● **Supplied data**
══════
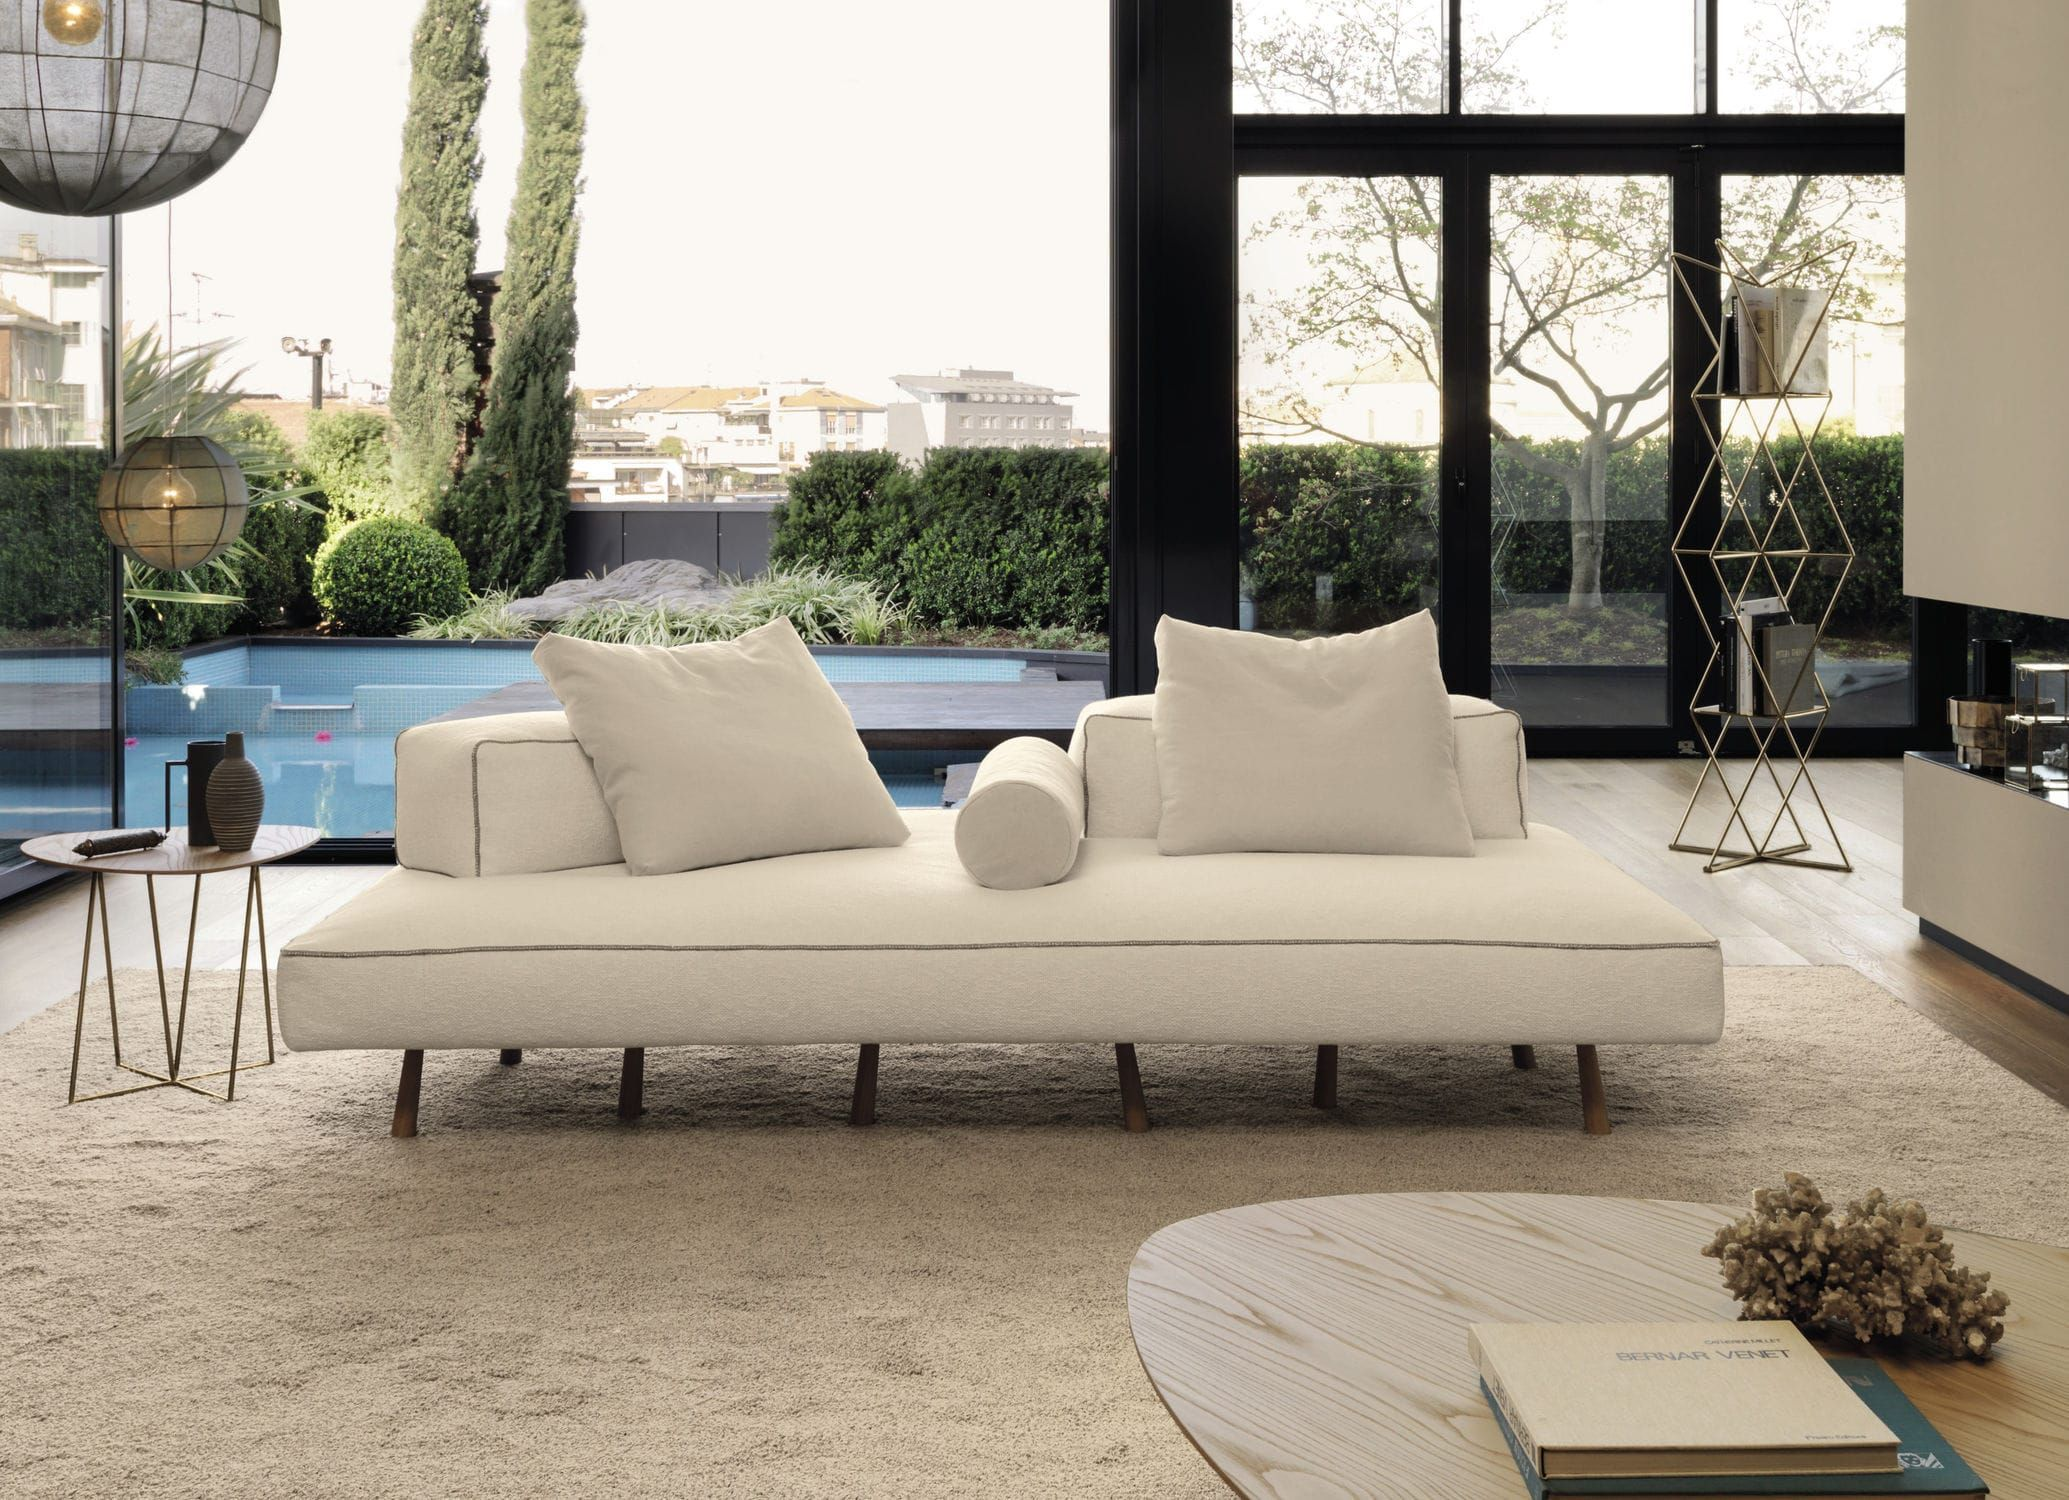 contemporary sofa / fabric / leather / wood endor désirée, Wohnzimmer dekoo
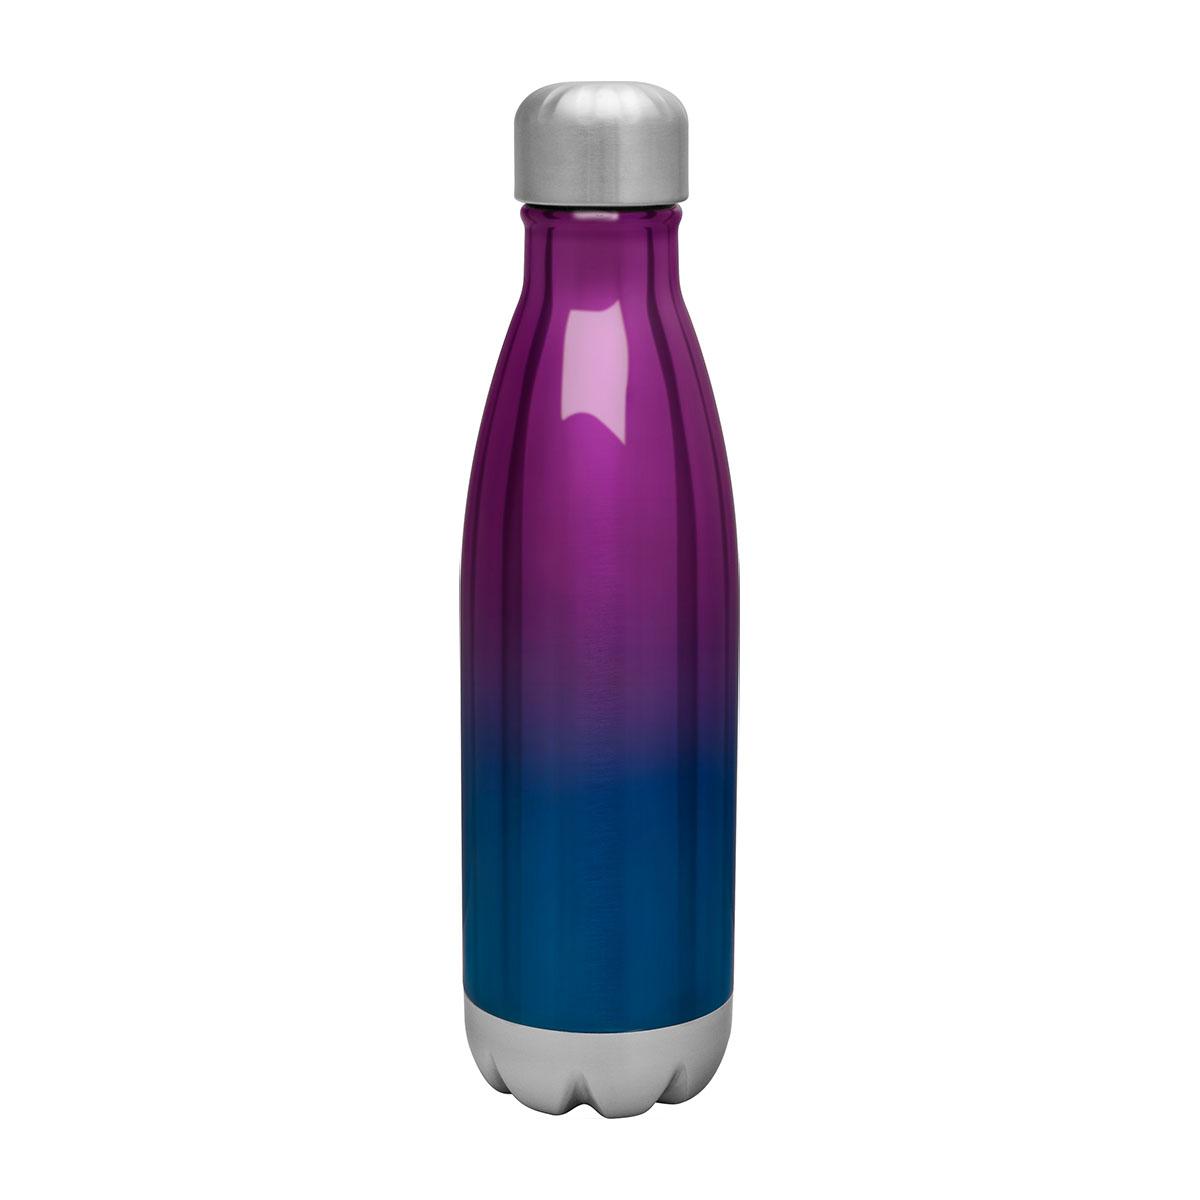 Dusk ombre bottle
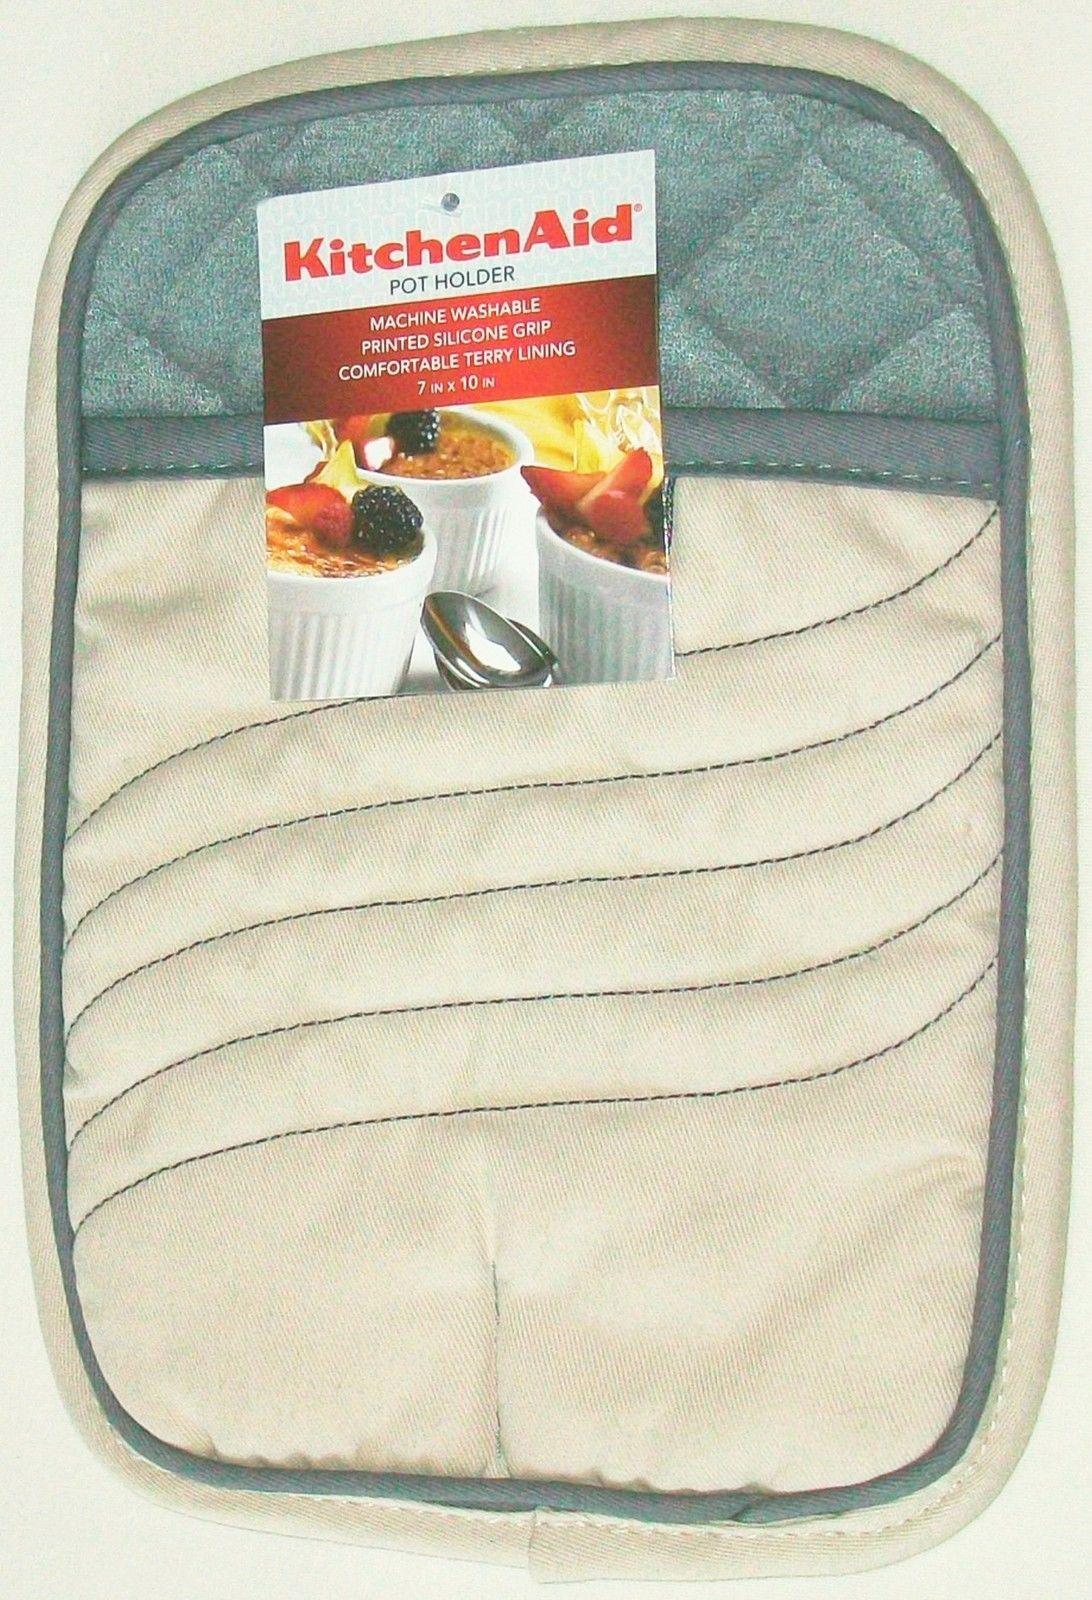 Kitchenaid 100 cotton sand beige 7 x10 printed silicone grip pot holder new oven mitts - Kitchenaid oven gloves ...
══════
Set the preceding data down again word for word, omitting images.

 contemporary sofa / fabric / leather / wood endor désirée, Wohnzimmer dekoo
 Dusk ombre bottle
 Kitchenaid 100 cotton sand beige 7 x10 printed silicone grip pot holder new oven mitts - Kitchenaid oven gloves ...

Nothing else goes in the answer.